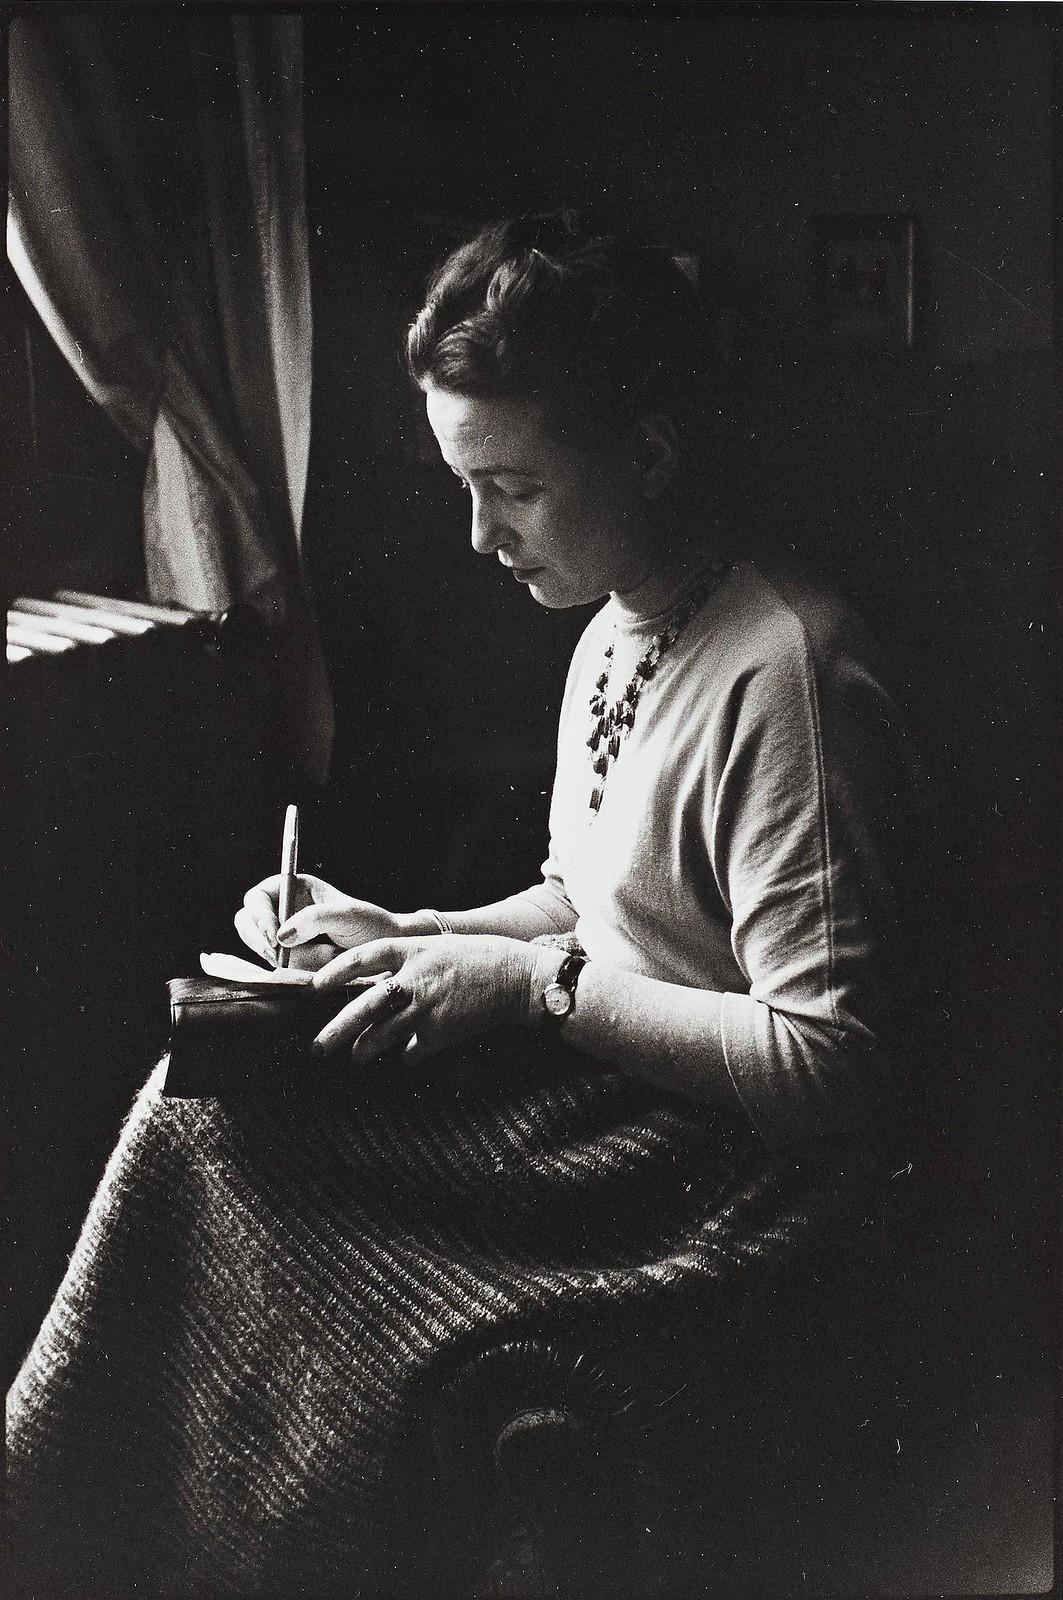 1954. Симона де Бовуар, Приз-де-Гонкур, Париж
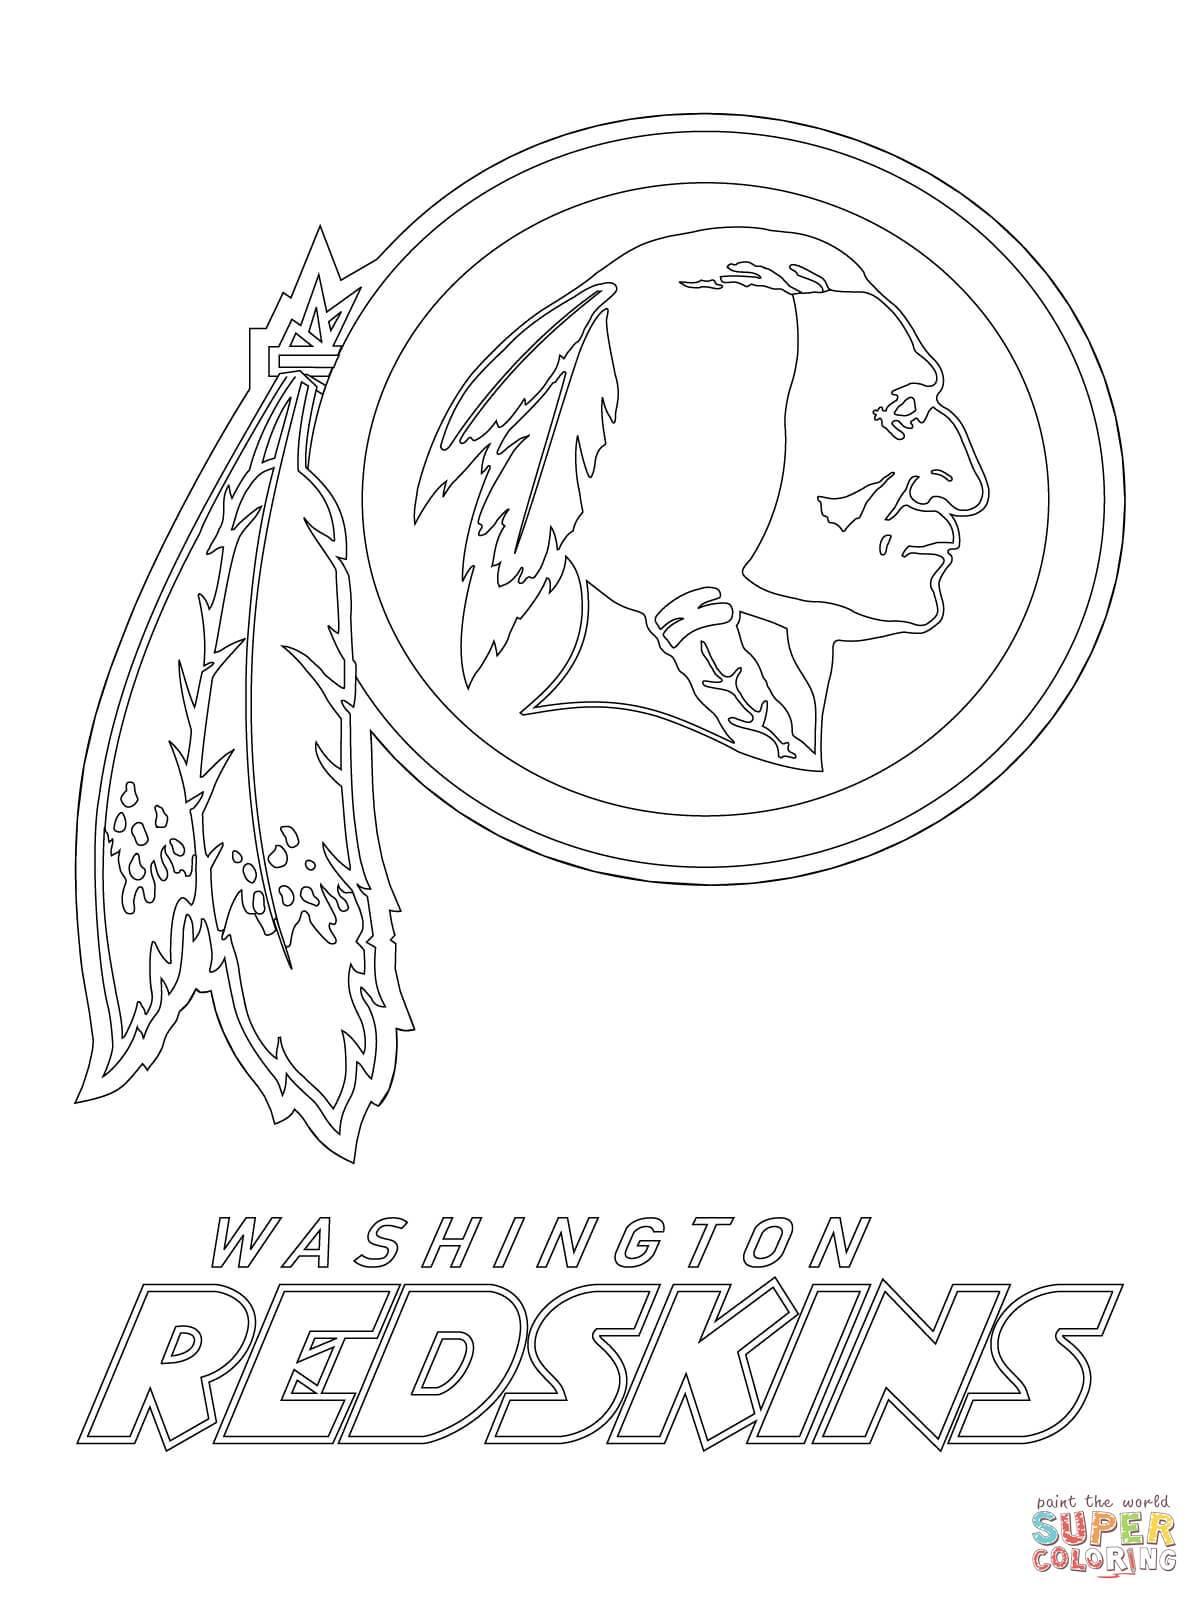 seattle seahawks helmet coloring page free seattle seahawks coloring pages seattle seahawks helmet seattle seahawks coloring page
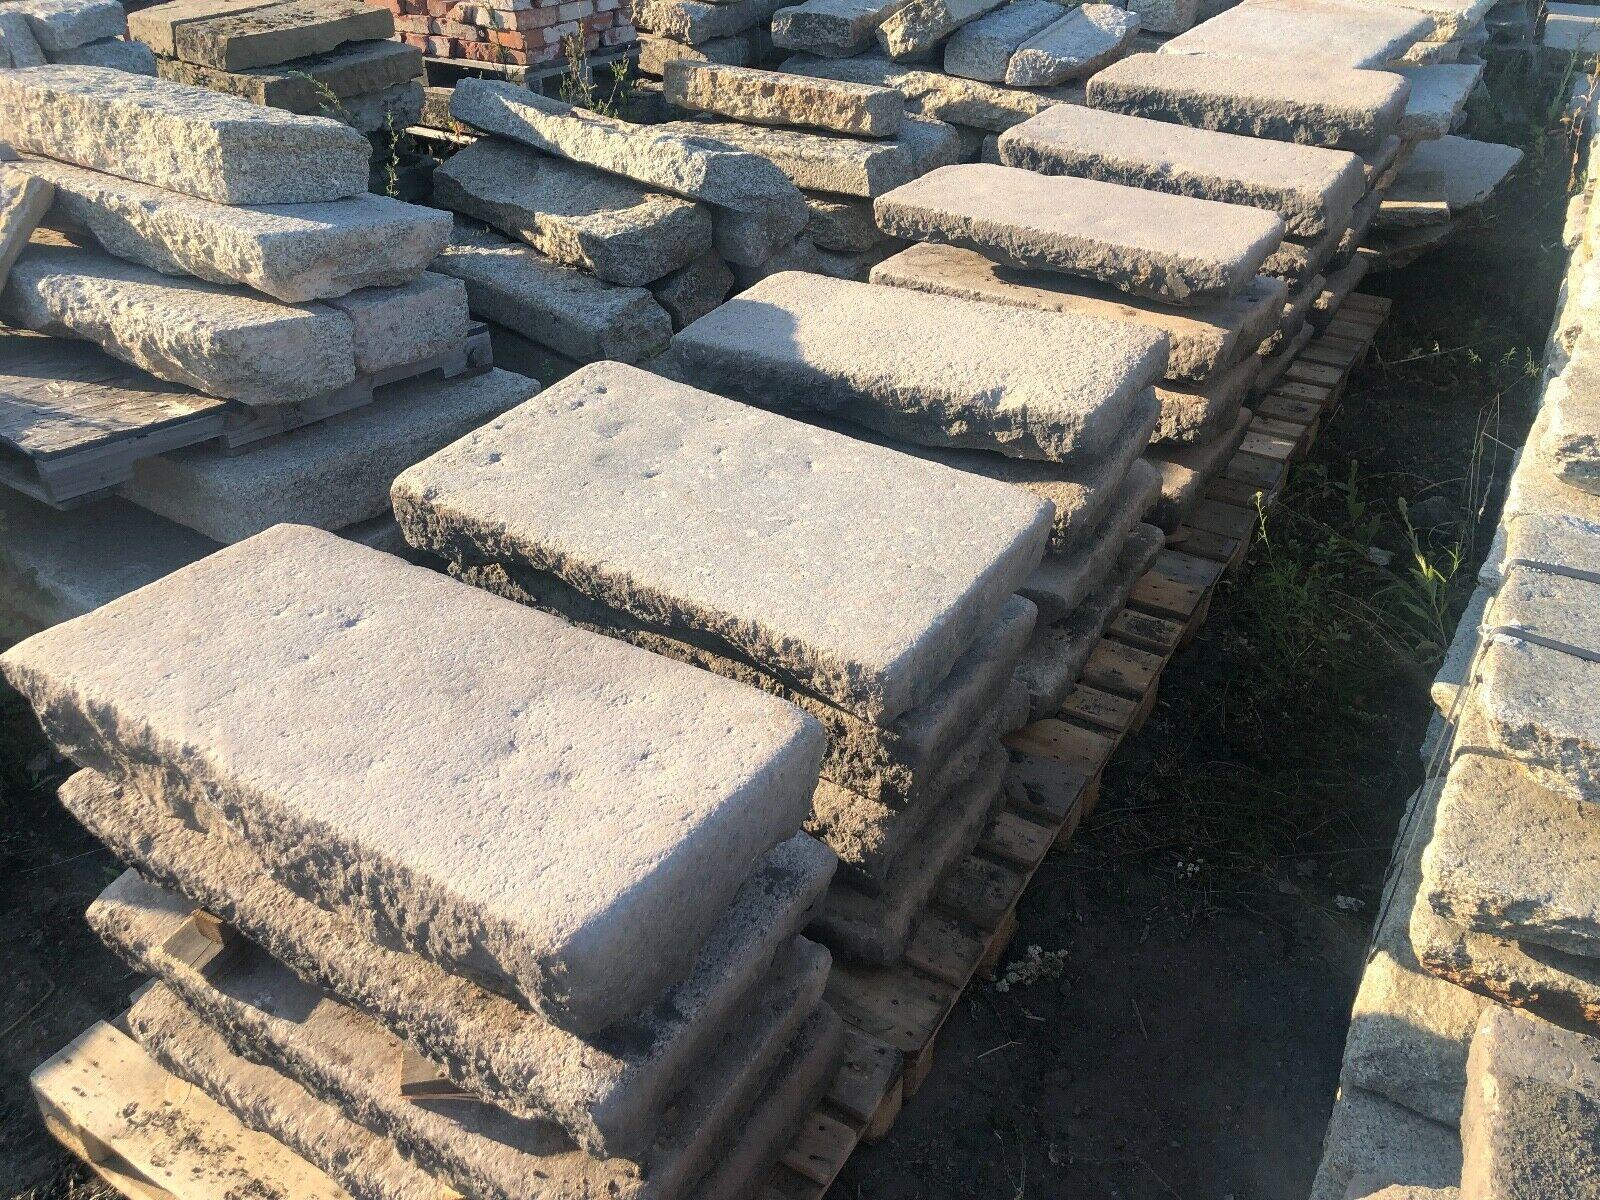 Alte Gredplatten Granitplatten Bodenplatten Naturstein Antiker Granit Ebay In 2020 Natursteine Bodenplatten Granit
-=-=-
PROBLEM TO SOLVE
Print every line above once more, exactly. Omit the pictures.

ANSWER SECTION
 1954. Симона де Бовуар, Приз-де-Гонкур, Париж
 seattle seahawks helmet coloring page free seattle seahawks coloring pages seattle seahawks helmet seattle seahawks coloring page
 Alte Gredplatten Granitplatten Bodenplatten Naturstein Antiker Granit Ebay In 2020 Natursteine Bodenplatten Granit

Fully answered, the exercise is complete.